To import data for Columbus County, NC:

$ django-admin.py import_nc_zips
$ django-admin.py import_county_streets 37047
$ django-admin.py import import_columbus_county

Where 37047 is the U.S. Census county ID for the county you want to import (37047 = Columbus County, NC).
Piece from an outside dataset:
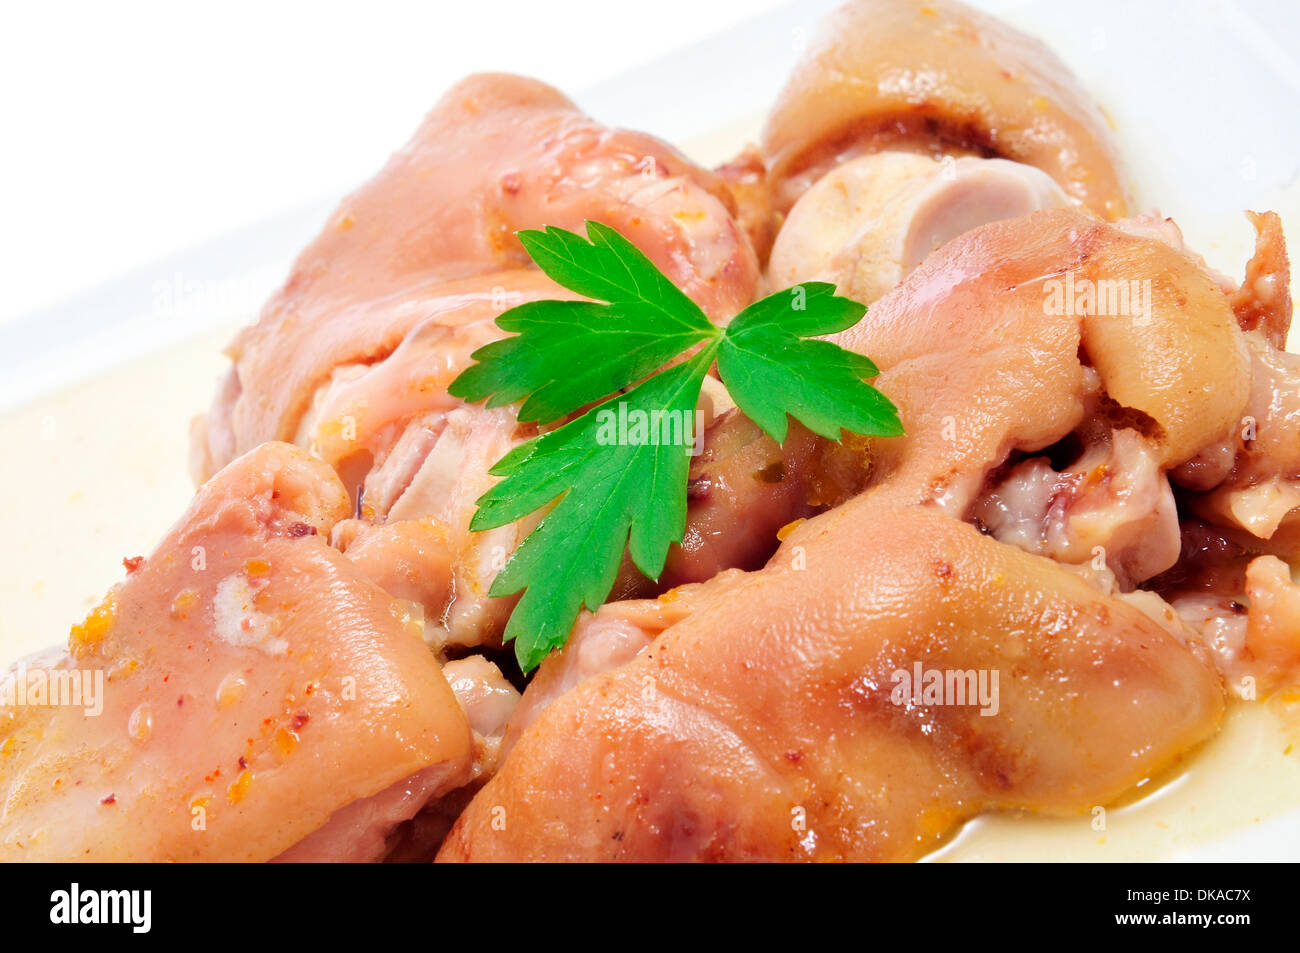 closeup of a plate with manitas de cerdo, spanish stewed pigs trotters Stock Photo

Orange County, North Carolina

For example, to import data for Orange County:

$ django-admin.py import_nc_zips
$ django-admin.py import_county_streets 37135
$ django-admin.py import_location_zip http://web.co.orange.nc.us/gisdownloads/city.zip
$ wget http://web.co.orange.nc.us/gisdownloads/city.zip -O city.zip; \
  unzip -d city city.zip; \
  rm city.zip; \
  import_locations --type-name=City --type-name-plural=Cities cities ./city/; \
  rm -rf ./city
$ wget http://web.co.orange.nc.us/gisdownloads/townships.zip -O townships.zip; \
  unzip -d townships townships.zip; \
  rm townships.zip; \
  import_locations --type-name=Township --type-name-plural=Townships townships ./townships/; \
  rm -rf ./townships

Install ZIP codes Manually

We'll use the U.S. Census Bureau TIGER/Line data for North Carolina, specifially 23MB of 5-Digit ZIP Code Tabulation Area (2002):

$ wget http://www2.census.gov/geo/tiger/TIGER2009/37_NORTH_CAROLINA/tl_2009_37_zcta5.zip
$ unzip tl_2009_37_zcta5.zip -d zipcodes
$ import_zips_tiger -v -b zipcodes/

Importing Streets Manually

Now we'll get the block data, including Columbus County data:

You can import these like so:

$ wget http://www2.census.gov/geo/tiger/TIGER2009/37_NORTH_CAROLINA/tl_2009_37_place.zip \
       http://www2.census.gov/geo/tiger/TIGER2009/37_NORTH_CAROLINA/37047_Columbus_County/tl_2009_37047_edges.zip \
       http://www2.census.gov/geo/tiger/TIGER2009/37_NORTH_CAROLINA/37047_Columbus_County/tl_2009_37047_faces.zip \
       http://www2.census.gov/geo/tiger/TIGER2009/37_NORTH_CAROLINA/37047_Columbus_County/tl_2009_37047_featnames.zip
$ unzip -d blocks \*.zip
$ import_blocks_tiger --city=WHITEVILLE \
                      --filter-bounds=1 \
                      blocks/tl_2009_37047_edges.shp \
                      blocks/tl_2009_37047_featnames.dbf \
                      blocks/tl_2009_37047_faces.dbf \
                      blocks/tl_2009_37_place.shp

Derive streets and intersections from the blocks data:

$ populate_streets -v -v -v -v streets
$ populate_streets -v -v -v -v block_intersections
$ populate_streets -v -v -v -v intersections

Configure Database Logger

To log debugging information to the database for later analysis, you can use the DatabaseHandler with specific loggers:

LOGGING = {
    'handlers': {
        'database': {
            'level': 'DEBUG',
            'class': 'openrural.error_log.logger.DatabaseHandler',
        },
    },
    'loggers': {
        'ebpub.streets.blockimport': {
            'handlers': ['database',],
            'level': 'DEBUG',
        }
    }
}

This will, of course, slow down any intensive operation as it is continually interacting with the database.